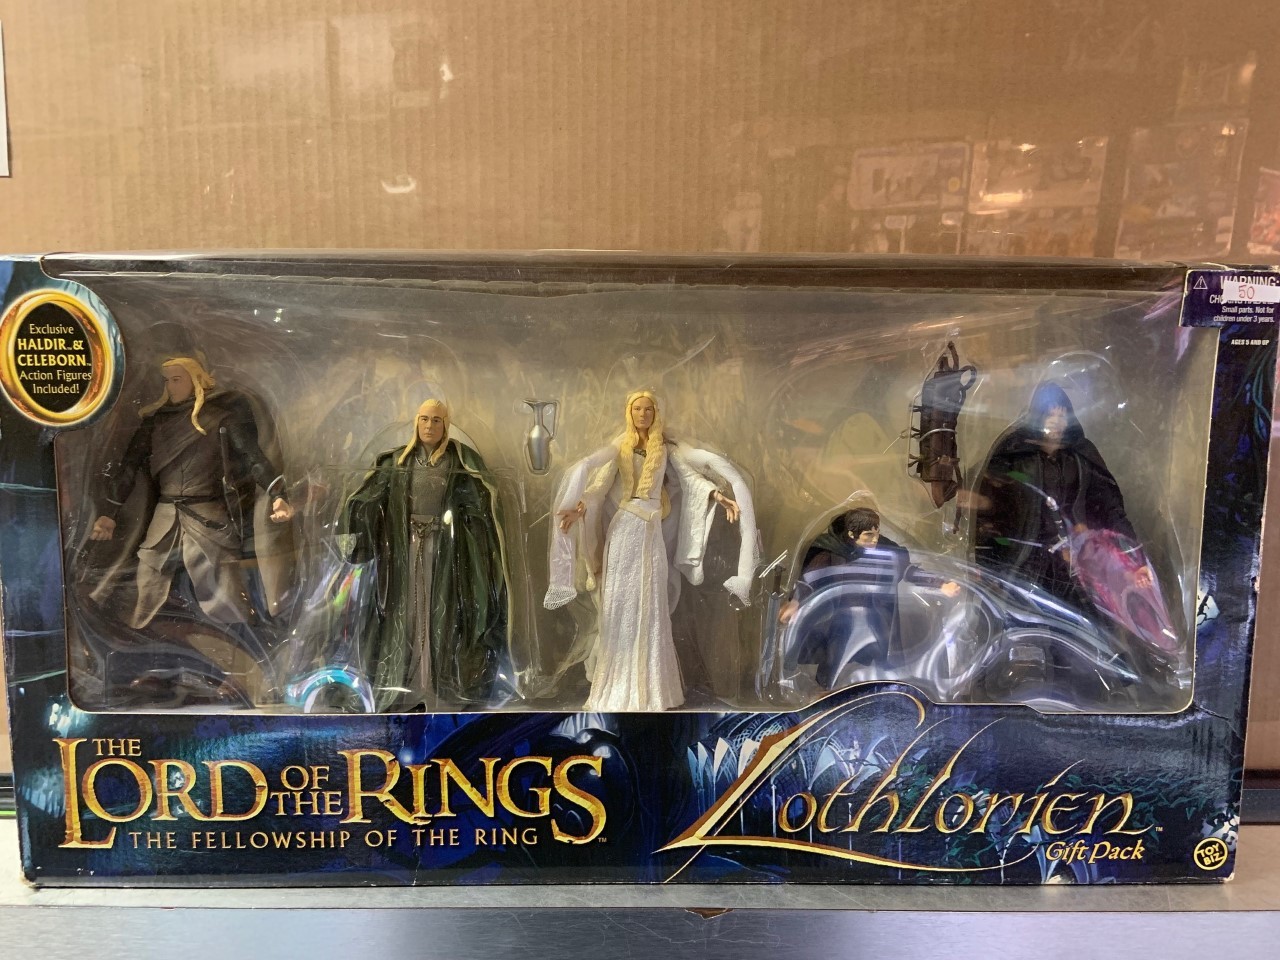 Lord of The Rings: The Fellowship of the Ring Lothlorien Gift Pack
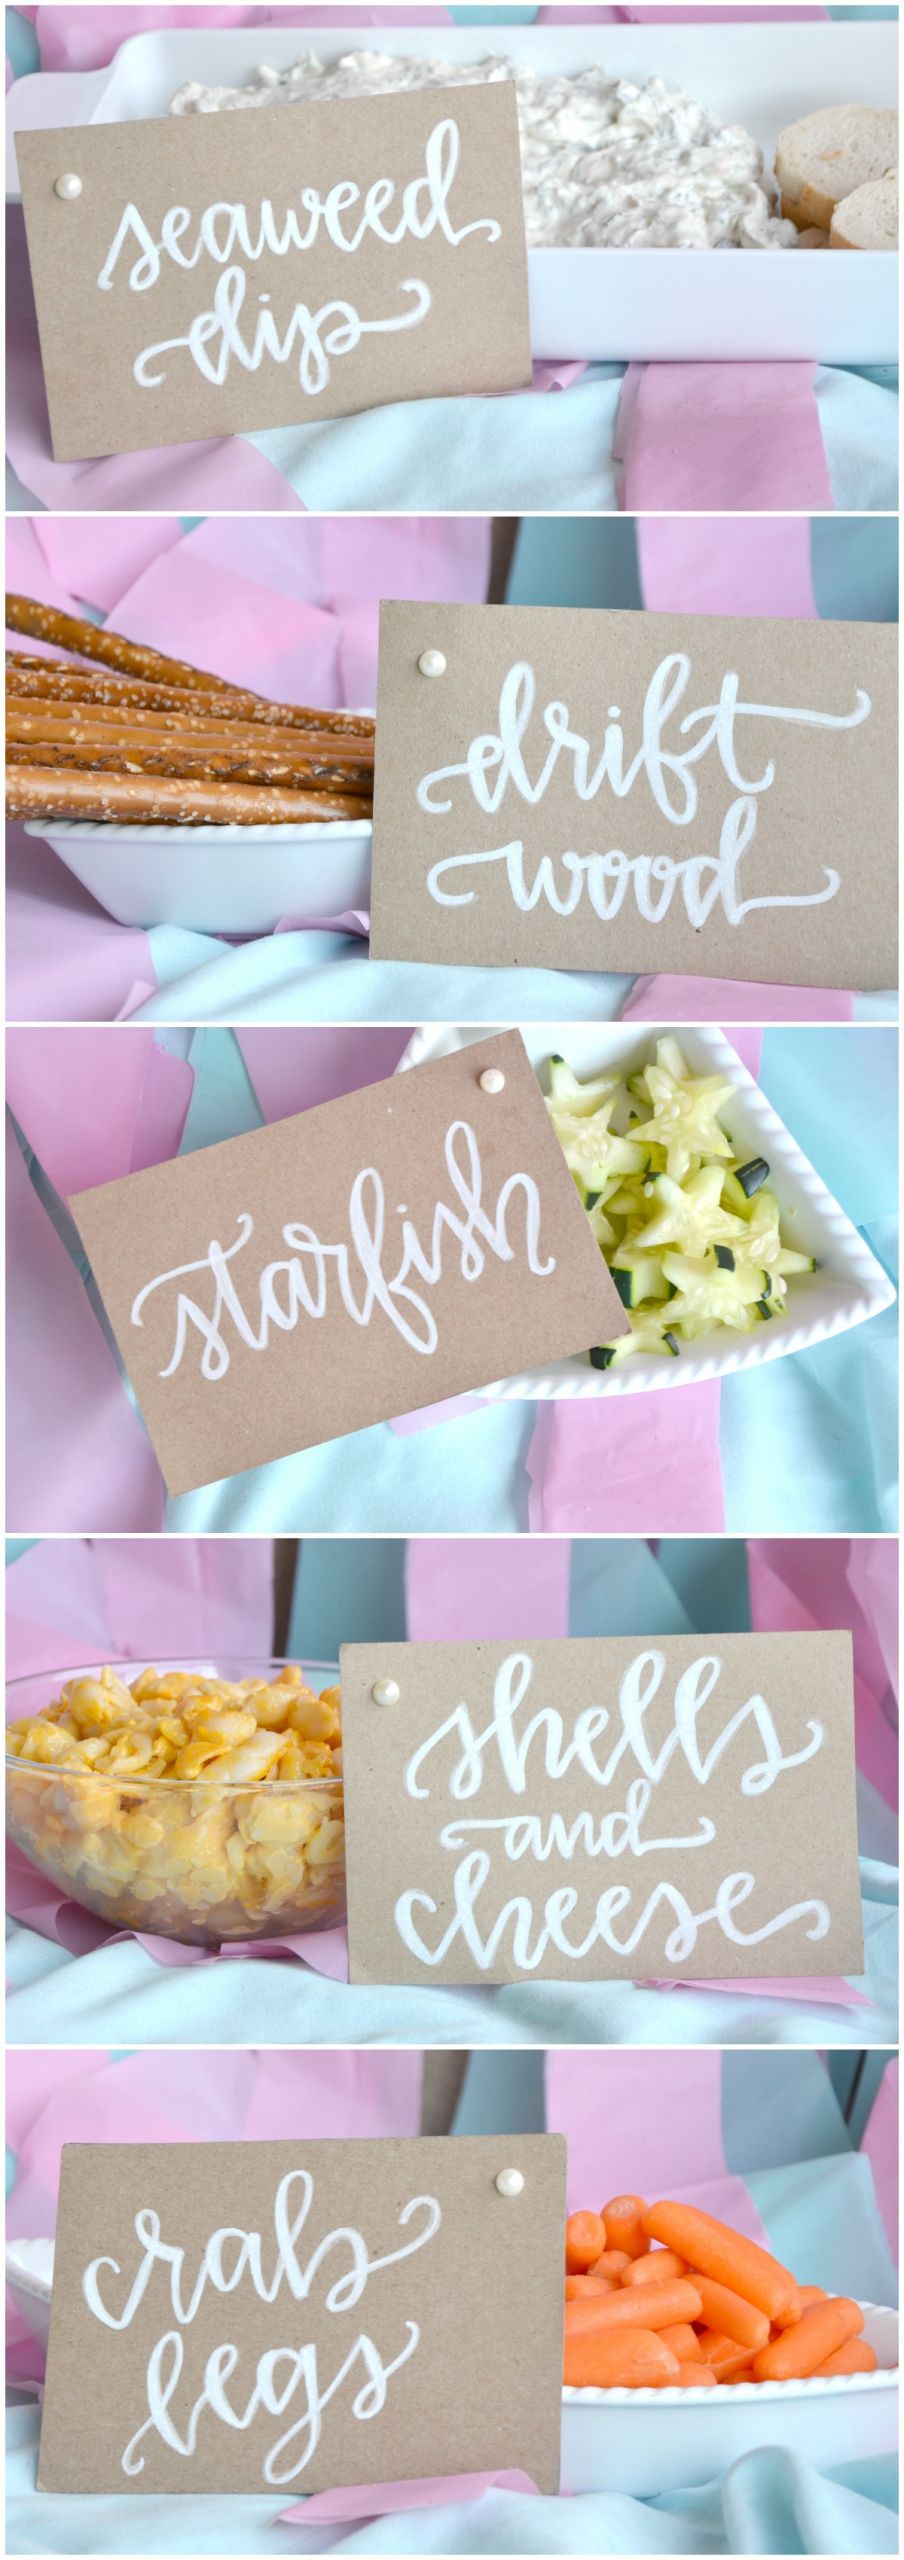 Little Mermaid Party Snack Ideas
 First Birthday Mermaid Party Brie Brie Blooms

· · ·

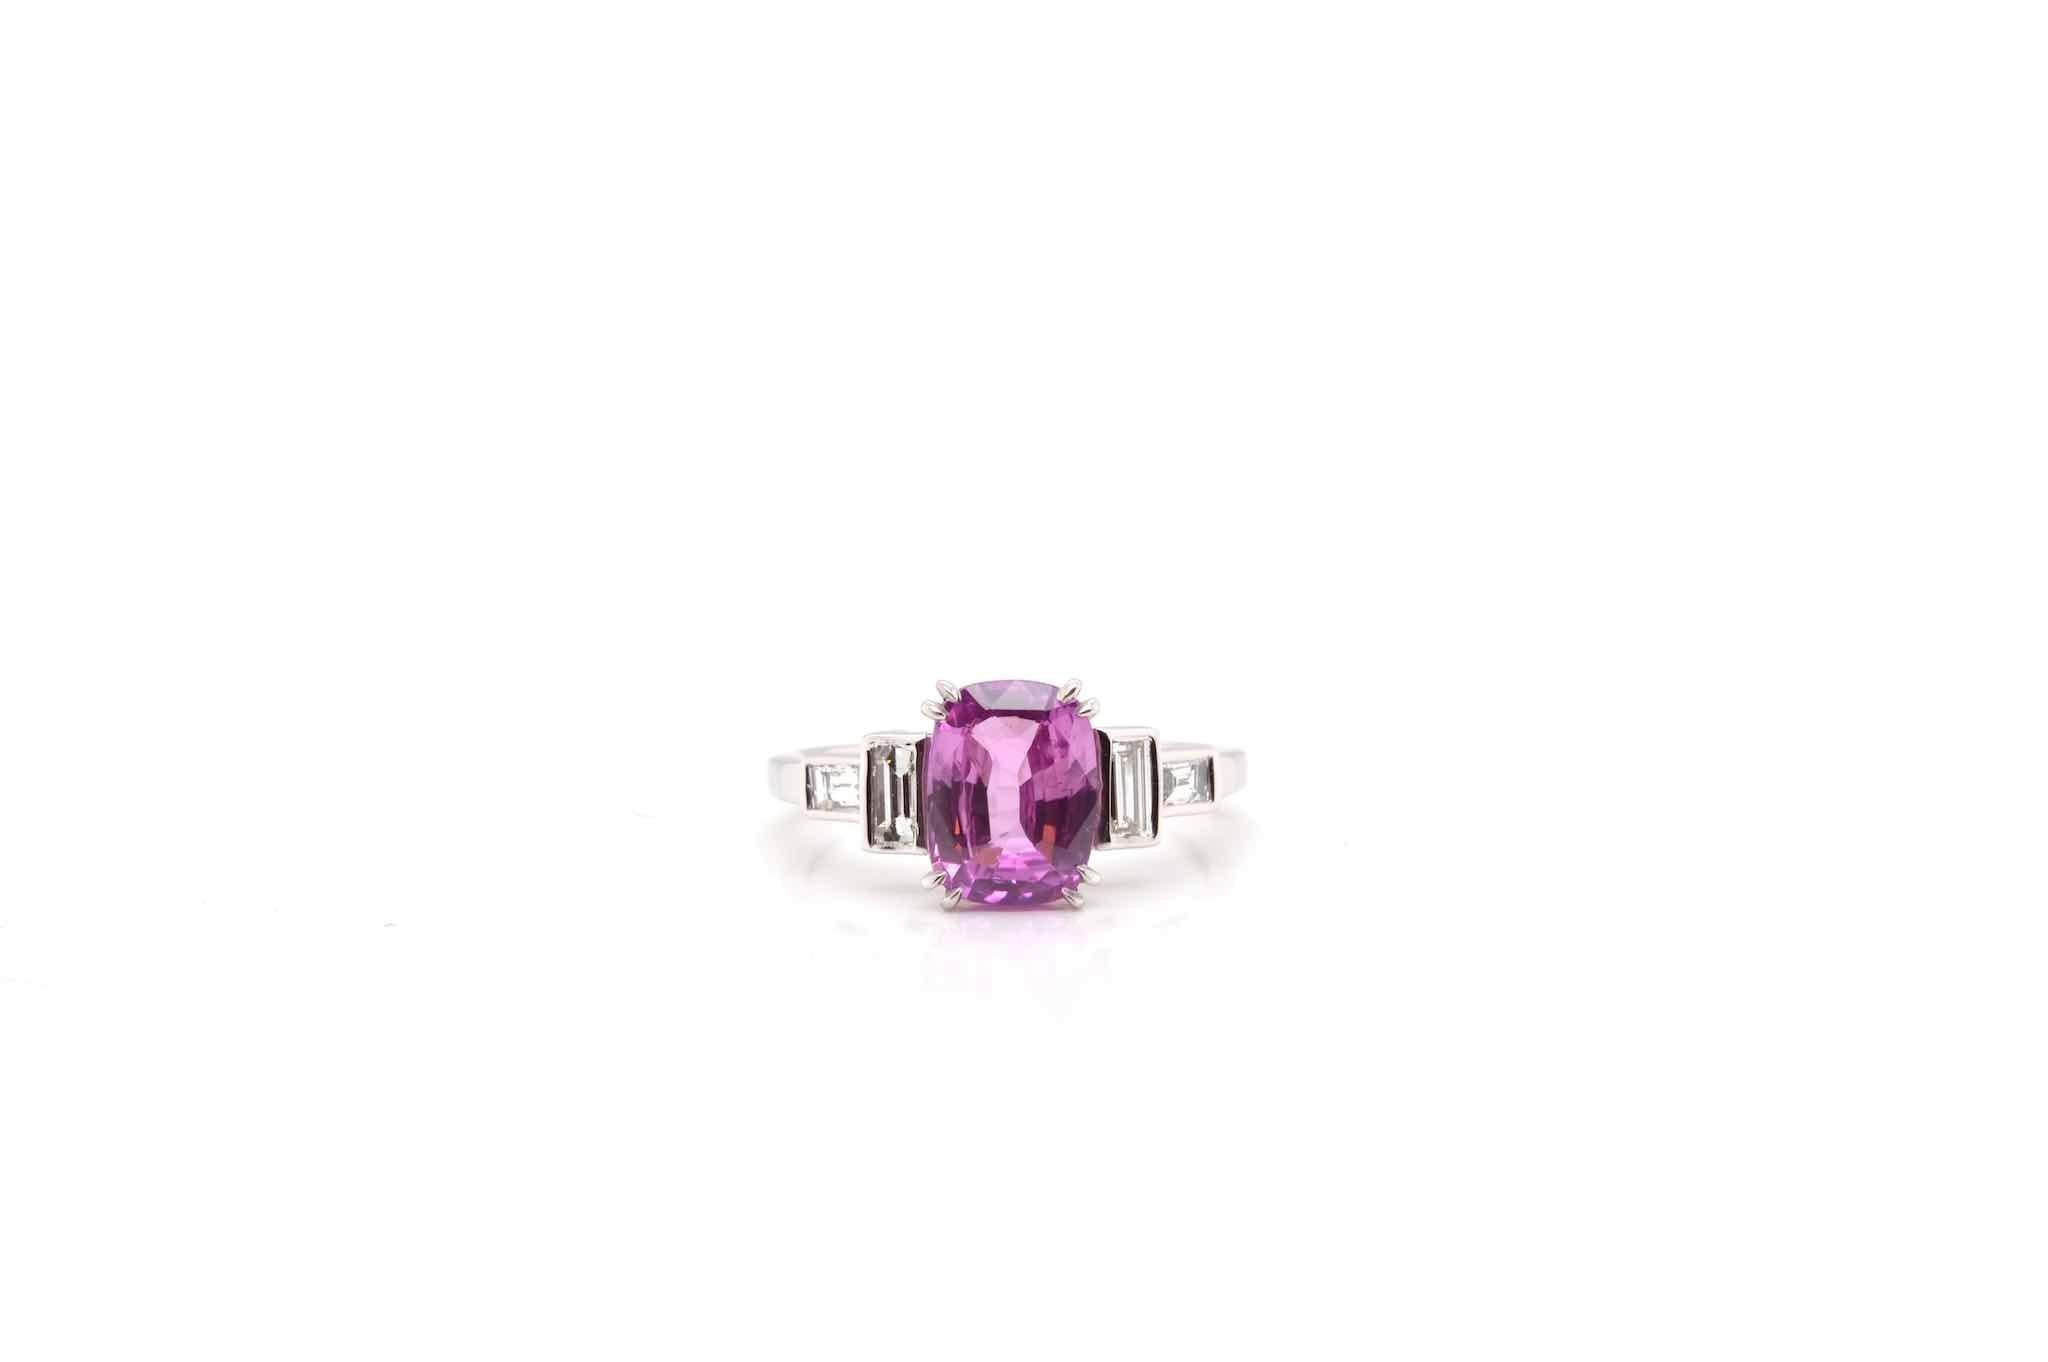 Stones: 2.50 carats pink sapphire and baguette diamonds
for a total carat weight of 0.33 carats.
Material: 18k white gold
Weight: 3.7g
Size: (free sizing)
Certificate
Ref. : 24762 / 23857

· · ·

§ TASK BRIEF: An exact copy is needed of the entries above, starting at the line that holds "Lord of The" and stopping at the line that holds "First Birthday Mermaid", both kept; pictures stay out.

§ RESPONSE TO THIS EXERCISE:
 Lord of The Rings: The Fellowship of the Ring Lothlorien Gift Pack
 Little Mermaid Party Snack Ideas
 First Birthday Mermaid Party Brie Brie Blooms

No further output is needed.